There would be no more family vacations. But over two decades later, I put my lessons from this journey to good use. After I had children of my own, we did NOT attempt any three-week road trips. When we leased our first car, we got air conditioning. for trips we tucked in the kids with pillows and quilts. I always brought Travel Toys for long rides, and the only rule was that we had to actually be on a highway before opening the first one. And we didn't have "whining pills," we had food, drinks, cookies, muffins, and anything else my son's allergies would allow. We played kid movies on a tiny portable TV, we listened to kid songs on cassettes, we used books on tape, we sang out loud to the radio - and we stopped, often. I did not want my kids to measure their miles of memories by throw-ups and fights, but by discoveries and treats.
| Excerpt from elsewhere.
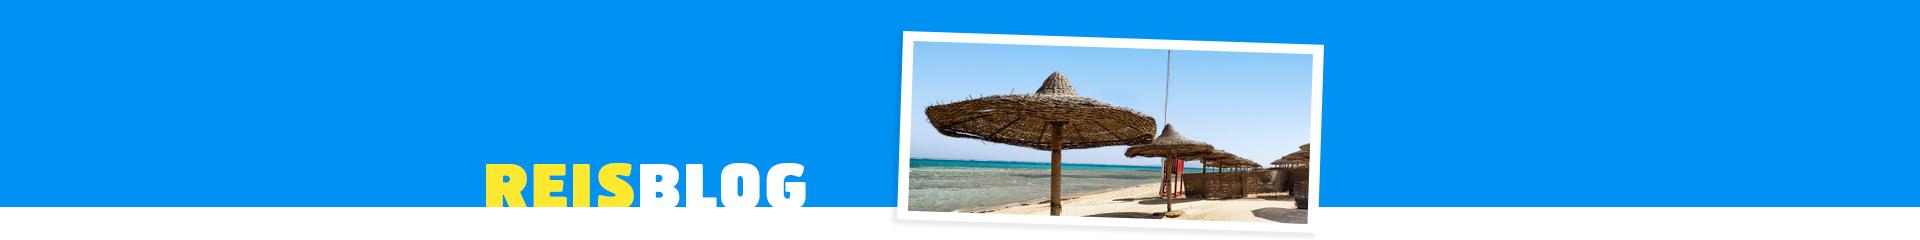 Strand met parasols in Egypte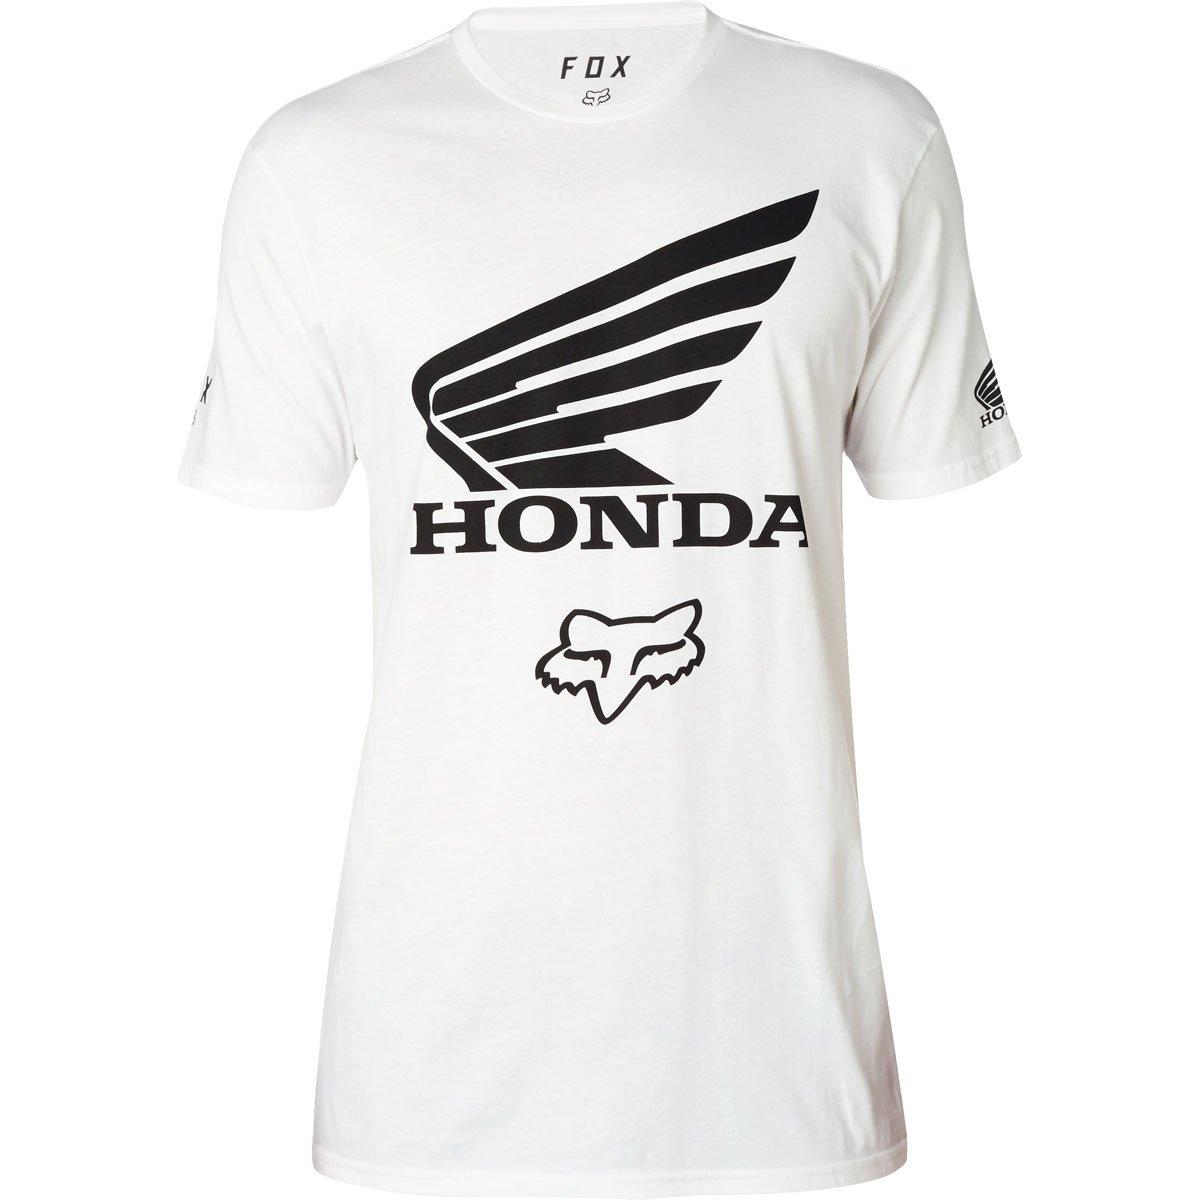 8fa66b4038c Fox Racing 2019 Honda Premium T-Shirt - DirtRider   MX   Off-Road ...

Kids in the back seat are not guaranteed to get along. My daughter once softly sang a long recitative from her car seat about killing her brother, and he once went into a rant about throwing her out the car door into traffic. But today, both kids are extremely good travelers. For our last family trip, I tried buying Car Toys one more time... but it ended up being for me more than for them.




2 comments:

  1. The only trips I remember about my childhood were either driving on the Cross Bronx Expressway to my grandma's apt, or to Atlantic City. Either one of these meant getting lost or stuck in traffic. My mother would yell at my father if he got lost and how he could not follow directions and we always stopped at a gas station for help. Never pleasant, those road trips. When I was an early teenager, I was allowed out to hang out on the boardwalk with a newly made friend from the hotel but was always warned about bad people stealing kids or if we should meet some boys, not to go back to their room because bad things would happen. Your experiences make mine seem so mild, but how we deal with it and how it affects us is up for grabs. I always swore that I would not do to my kids what my parents did to us. I believe I was successful, but I am sure they would claim I did other things that they found upsetting. We go through life, hopefully strong enough to unlearn bad behavior and aim for the good and right ways of doing things. I do not know how I would have managed being on a car/road trip for as long as you had to endure and for too many times. You are one strong mama!

    ReplyDelete
    Replies
    1. Parents yelling is stressful no matter where you are! My parents fought constantly, so when they pulled the "your father and I think that blah blah blah" I wanted to say. "NOW you're agreeing on something? Since when?" Shelley YOU are a strong mama too and your kids adore you! Thanks so much for reading!